McMACKON: Well, we also know that she is one of a bazillion female writers of importance. The Waves in my opinion is theatrical. It is written in a series of inner monologues set against descriptions of a rising and setting sun over the sea. So time and space are inherent in the structure of her world. The characters are finely drawn and she tells us a great deal about who they are and what their journeys are. The novel and Woolf's writing is often thought of as impenetrable, but she writes as we think with the everyday and the profound commingling all over the place. She draws our attention to that and from a literary point of view forged a new form to explore that. Kind of like what we do theatrically.
The novel has been distilled down to its bare essentials and to what has been profound for us. The image of one final reunion dinner. Characters that are defined as types or archetypes rather than with formal names. Bernard becomes The Late Man, Rhoda becomes The Woman with Stones in her Pocket. We do not follow the narrative of the novel but rather have used it as a road map to explore the relationships between these characters through the lens of this dinner. So there are multiple time shifts, memories, reveries…as they share bread and soup.
The focus is also on that collision point between language and the physical. So, language from the novel has been fragmented and used by the artists in ways they need to to communicate their tales. We are looking at the seed of the novel or really using it as a theatrical springboard rather than trying to 'do the novel'. Ours is a different piece…about a simple dinner, about memory, about loneliness and desire. All of the larger themes Woolf attacks are held within our work, but we have been a little more narrow.
physical or movement theatre, 'devised theatre' is very de rigeur at the moment
CHARPO: Are other companies doing the kind of work you are doing - and if so what sets you apart or what is the commonality?
McMACKON: Well physical or movement theatre, 'devised theatre' is very de rigeur at the moment. There are companies who integrate a lot more technology or work as collectives. I think what sets us apart is our process (Viewpoints, and Suzuki are the very current ways people get into the work…ours was originally inspired by Grotowski based work but has since evolved into our own process). Our work focuses on the human and emotional responses from and with the audience. Ours is not didactic theatre or political. Ours is personal and hopefully universal. We have a core that has been together since 1998 and new artists come and go. We have a fluidity of language that is common in all our work and we all believe in our dreams and realities, in bringing the inner out within the held moments within a theatre.
CHARPO: I tend to believe that what speaks to people in song and movement/dance is that there is something quite basic in each of us - a rhythm if you will - that leads us to hum to a song or move about the house with grace we don't know we have even when we're vacuuming. Is it this you are reaching with this fusion of theatre/word/movement or have you parsed the attraction to your work in another way?

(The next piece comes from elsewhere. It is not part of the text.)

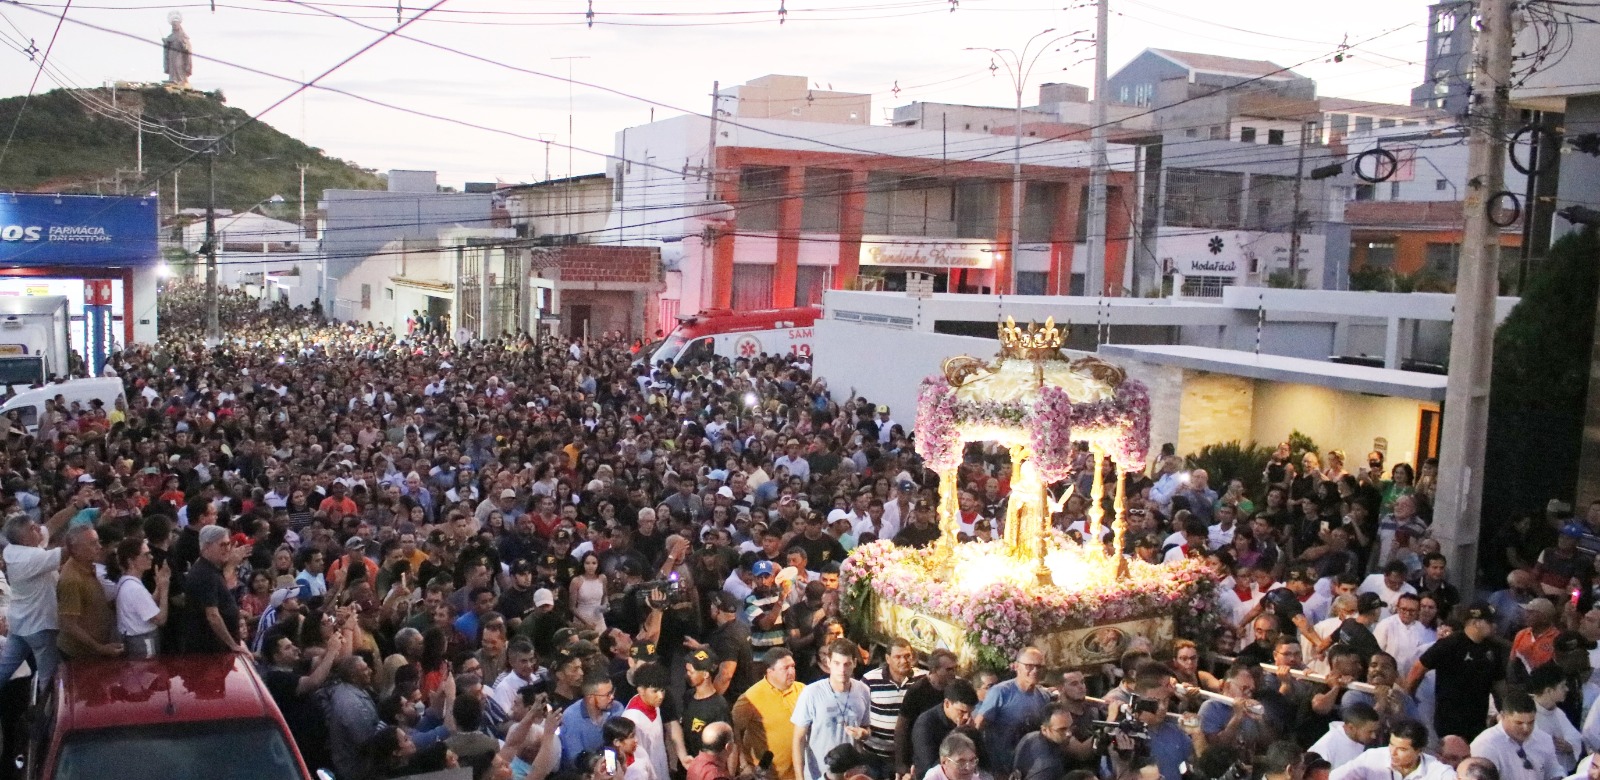 Festa da Fé: procissão de Santa Rita de Cássia leva cerca de 100 mil pessoas às ruas de Santa Cruz

McMACKON: Perhaps. I hadn't thought about that. It goes back to the misconceptions about movement and dance and singing. We all move, hum, have a heartbeat rhythm, inner songs and dialogues.
CHARPO: Finally, what in this piece has prompted you to keep it alive and to bring it back?
McMACKON: Our last show in 2011, Peter and the Wolf was massive. 18 performers including a chamber orchestra. I wanted to do something smaller and I also feel very strongly about the need to revisit work, otherwise the work is created and then sits and dies. I am lucky this year to be able to reinvestigate this show at the same time that I am reinvestigating The Stronger Variations with students at York University. It pushes me as an artist and helps me look at the work in general with new and fresh eyes.